[Supplied data]:
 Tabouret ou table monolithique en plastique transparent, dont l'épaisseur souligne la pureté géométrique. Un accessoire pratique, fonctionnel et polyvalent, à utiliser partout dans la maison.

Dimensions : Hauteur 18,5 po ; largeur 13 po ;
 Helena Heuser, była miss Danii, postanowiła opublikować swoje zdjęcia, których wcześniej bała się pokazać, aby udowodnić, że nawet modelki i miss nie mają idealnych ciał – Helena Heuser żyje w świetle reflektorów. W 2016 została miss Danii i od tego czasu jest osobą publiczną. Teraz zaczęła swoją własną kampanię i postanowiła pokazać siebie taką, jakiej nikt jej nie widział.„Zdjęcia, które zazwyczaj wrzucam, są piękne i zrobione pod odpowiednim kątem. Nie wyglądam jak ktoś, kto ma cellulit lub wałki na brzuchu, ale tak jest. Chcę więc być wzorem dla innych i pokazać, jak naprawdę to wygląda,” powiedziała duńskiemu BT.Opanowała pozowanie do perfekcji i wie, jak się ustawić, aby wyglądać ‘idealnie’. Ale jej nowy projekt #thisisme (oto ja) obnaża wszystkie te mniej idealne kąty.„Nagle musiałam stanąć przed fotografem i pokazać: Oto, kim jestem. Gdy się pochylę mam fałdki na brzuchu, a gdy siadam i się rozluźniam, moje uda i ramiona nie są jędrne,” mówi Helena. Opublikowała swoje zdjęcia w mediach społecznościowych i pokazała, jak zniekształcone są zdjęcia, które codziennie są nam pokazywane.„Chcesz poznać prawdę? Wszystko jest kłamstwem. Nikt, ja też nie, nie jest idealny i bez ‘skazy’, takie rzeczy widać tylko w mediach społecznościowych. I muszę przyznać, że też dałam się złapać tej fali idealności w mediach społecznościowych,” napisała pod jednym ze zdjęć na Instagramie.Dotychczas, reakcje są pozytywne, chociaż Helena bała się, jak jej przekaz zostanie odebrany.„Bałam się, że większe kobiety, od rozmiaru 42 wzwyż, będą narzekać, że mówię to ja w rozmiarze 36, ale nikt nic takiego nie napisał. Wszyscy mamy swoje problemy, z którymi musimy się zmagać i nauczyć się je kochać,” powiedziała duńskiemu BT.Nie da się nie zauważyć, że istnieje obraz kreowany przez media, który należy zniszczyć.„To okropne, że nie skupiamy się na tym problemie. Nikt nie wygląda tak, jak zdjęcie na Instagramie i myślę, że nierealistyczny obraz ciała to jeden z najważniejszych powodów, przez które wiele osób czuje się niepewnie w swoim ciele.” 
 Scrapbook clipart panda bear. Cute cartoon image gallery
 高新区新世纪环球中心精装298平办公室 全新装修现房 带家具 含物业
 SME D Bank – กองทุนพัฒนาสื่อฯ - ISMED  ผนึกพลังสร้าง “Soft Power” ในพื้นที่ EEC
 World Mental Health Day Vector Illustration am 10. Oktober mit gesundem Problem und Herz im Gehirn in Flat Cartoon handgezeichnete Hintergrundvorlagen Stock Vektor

[Required work]: Would you please reproduce the entries above word for word?

[Answer space]:
 Tabouret ou table monolithique en plastique transparent, dont l'épaisseur souligne la pureté géométrique. Un accessoire pratique, fonctionnel et polyvalent, à utiliser partout dans la maison.

Dimensions : Hauteur 18,5 po ; largeur 13 po ;
 Helena Heuser, była miss Danii, postanowiła opublikować swoje zdjęcia, których wcześniej bała się pokazać, aby udowodnić, że nawet modelki i miss nie mają idealnych ciał – Helena Heuser żyje w świetle reflektorów. W 2016 została miss Danii i od tego czasu jest osobą publiczną. Teraz zaczęła swoją własną kampanię i postanowiła pokazać siebie taką, jakiej nikt jej nie widział.„Zdjęcia, które zazwyczaj wrzucam, są piękne i zrobione pod odpowiednim kątem. Nie wyglądam jak ktoś, kto ma cellulit lub wałki na brzuchu, ale tak jest. Chcę więc być wzorem dla innych i pokazać, jak naprawdę to wygląda,” powiedziała duńskiemu BT.Opanowała pozowanie do perfekcji i wie, jak się ustawić, aby wyglądać ‘idealnie’. Ale jej nowy projekt #thisisme (oto ja) obnaża wszystkie te mniej idealne kąty.„Nagle musiałam stanąć przed fotografem i pokazać: Oto, kim jestem. Gdy się pochylę mam fałdki na brzuchu, a gdy siadam i się rozluźniam, moje uda i ramiona nie są jędrne,” mówi Helena. Opublikowała swoje zdjęcia w mediach społecznościowych i pokazała, jak zniekształcone są zdjęcia, które codziennie są nam pokazywane.„Chcesz poznać prawdę? Wszystko jest kłamstwem. Nikt, ja też nie, nie jest idealny i bez ‘skazy’, takie rzeczy widać tylko w mediach społecznościowych. I muszę przyznać, że też dałam się złapać tej fali idealności w mediach społecznościowych,” napisała pod jednym ze zdjęć na Instagramie.Dotychczas, reakcje są pozytywne, chociaż Helena bała się, jak jej przekaz zostanie odebrany.„Bałam się, że większe kobiety, od rozmiaru 42 wzwyż, będą narzekać, że mówię to ja w rozmiarze 36, ale nikt nic takiego nie napisał. Wszyscy mamy swoje problemy, z którymi musimy się zmagać i nauczyć się je kochać,” powiedziała duńskiemu BT.Nie da się nie zauważyć, że istnieje obraz kreowany przez media, który należy zniszczyć.„To okropne, że nie skupiamy się na tym problemie. Nikt nie wygląda tak, jak zdjęcie na Instagramie i myślę, że nierealistyczny obraz ciała to jeden z najważniejszych powodów, przez które wiele osób czuje się niepewnie w swoim ciele.” 
 Scrapbook clipart panda bear. Cute cartoon image gallery
 高新区新世纪环球中心精装298平办公室 全新装修现房 带家具 含物业
 SME D Bank – กองทุนพัฒนาสื่อฯ - ISMED  ผนึกพลังสร้าง “Soft Power” ในพื้นที่ EEC
 World Mental Health Day Vector Illustration am 10. Oktober mit gesundem Problem und Herz im Gehirn in Flat Cartoon handgezeichnete Hintergrundvorlagen Stock Vektor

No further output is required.